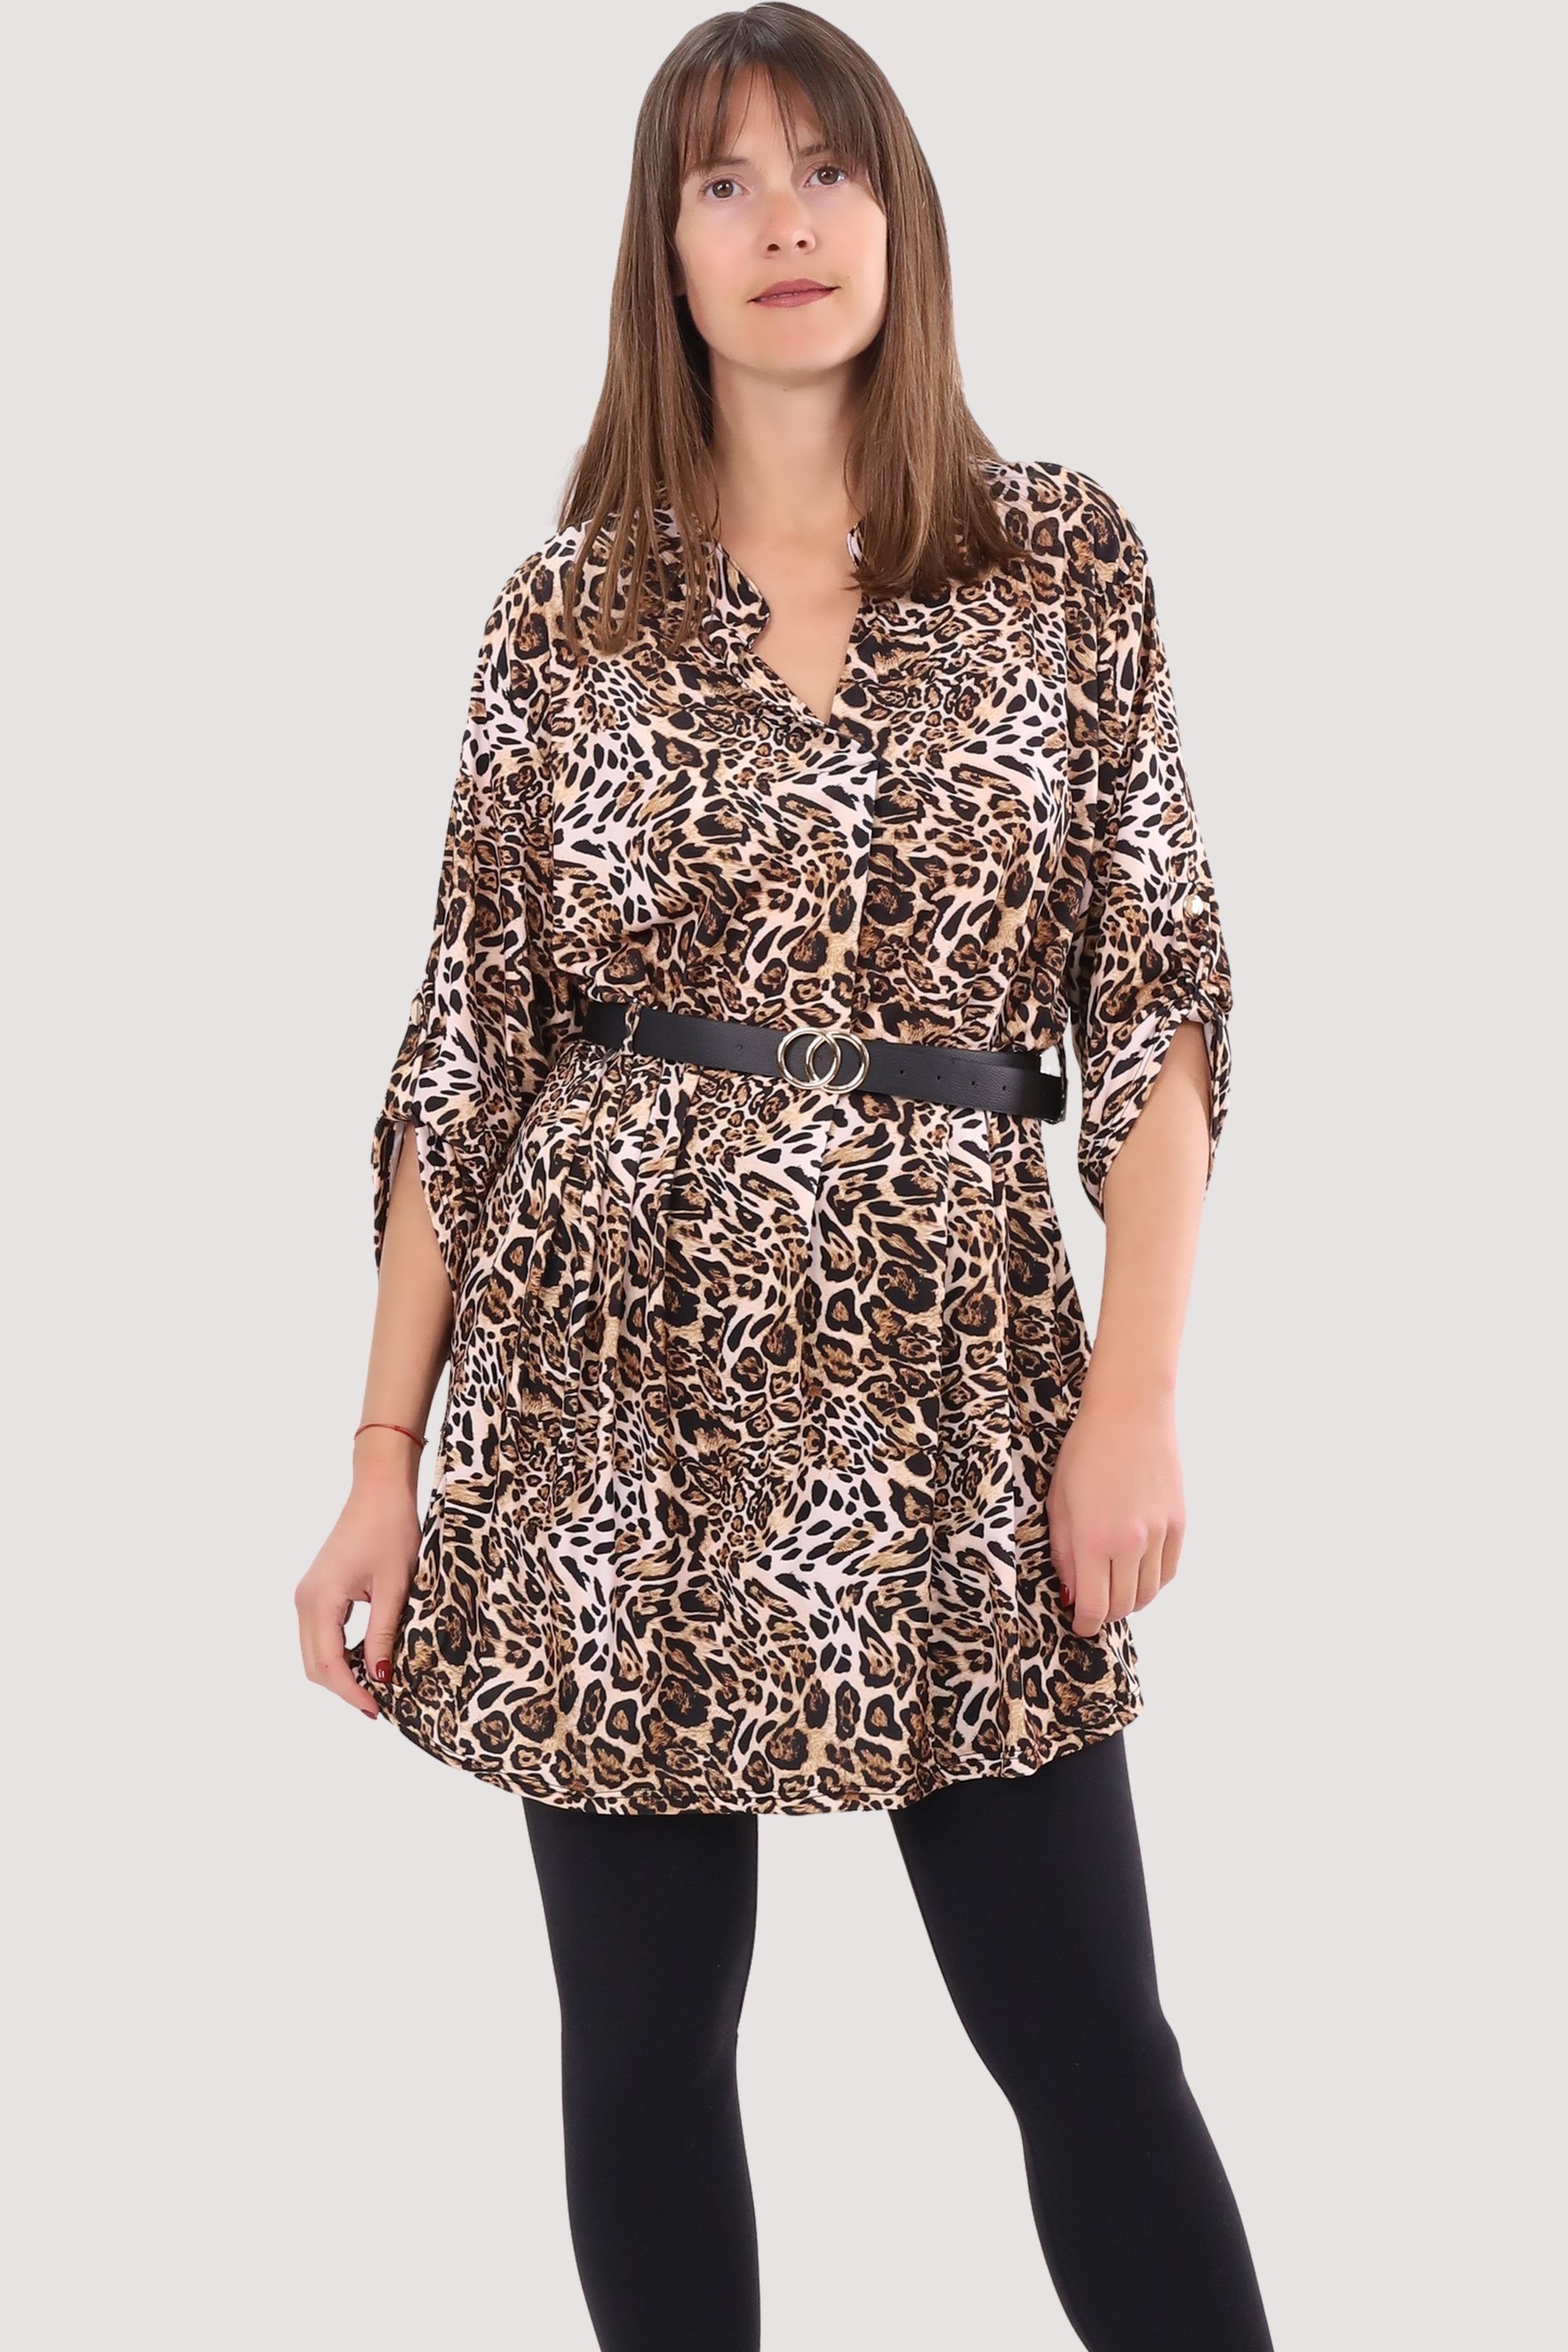 Kleid Druckkleid mit malito Jaguar Tunika Einheitsgröße 2 than fashion Bluse Animalprint 23203 more Gürtel
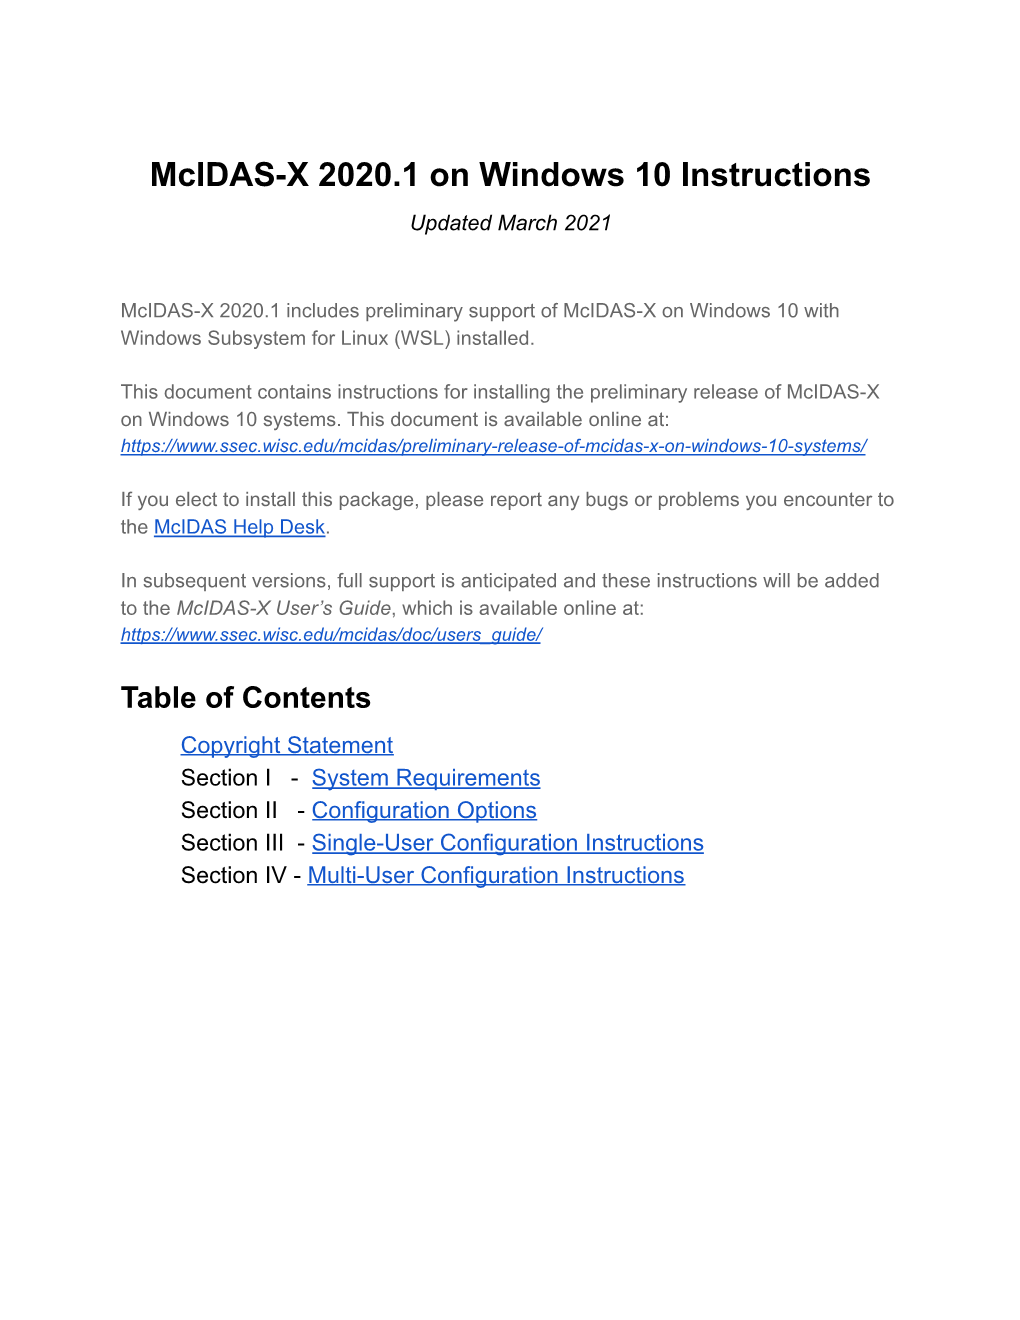 Mcidas-X 2020.1 on Windows 10 Installation Instructions
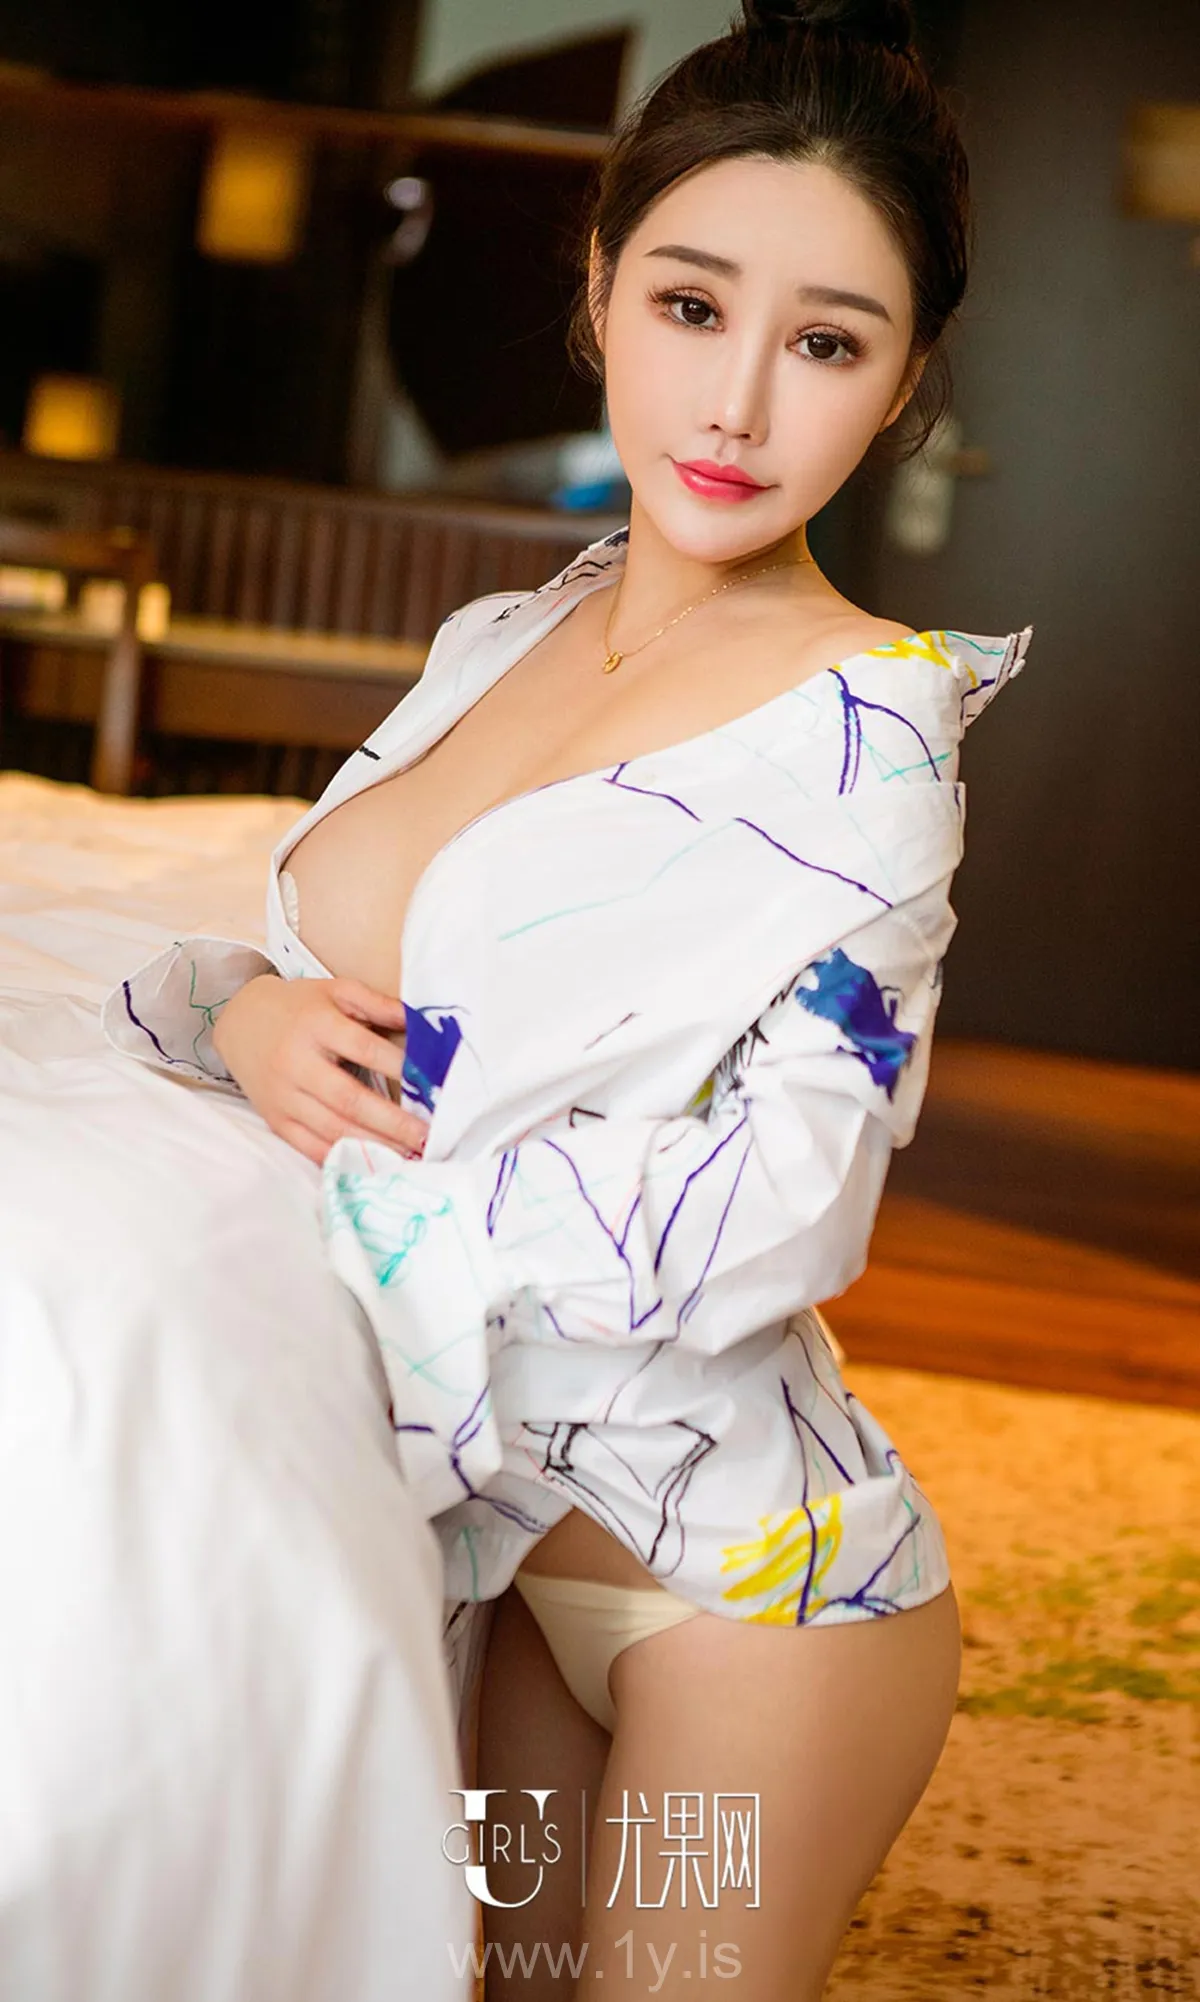 UGIRLS NO.642 Delightful & Sexy Chinese Hottie 赫连露娜

- [What the task requires]: An exact reproduction of the data is required, with pictures excluded.

- [The answer]:
 Kleid Druckkleid mit malito Jaguar Tunika Einheitsgröße 2 than fashion Bluse Animalprint 23203 more Gürtel
 Mcidas-X 2020.1 on Windows 10 Installation Instructions
 UGIRLS NO.642 Delightful & Sexy Chinese Hottie 赫连露娜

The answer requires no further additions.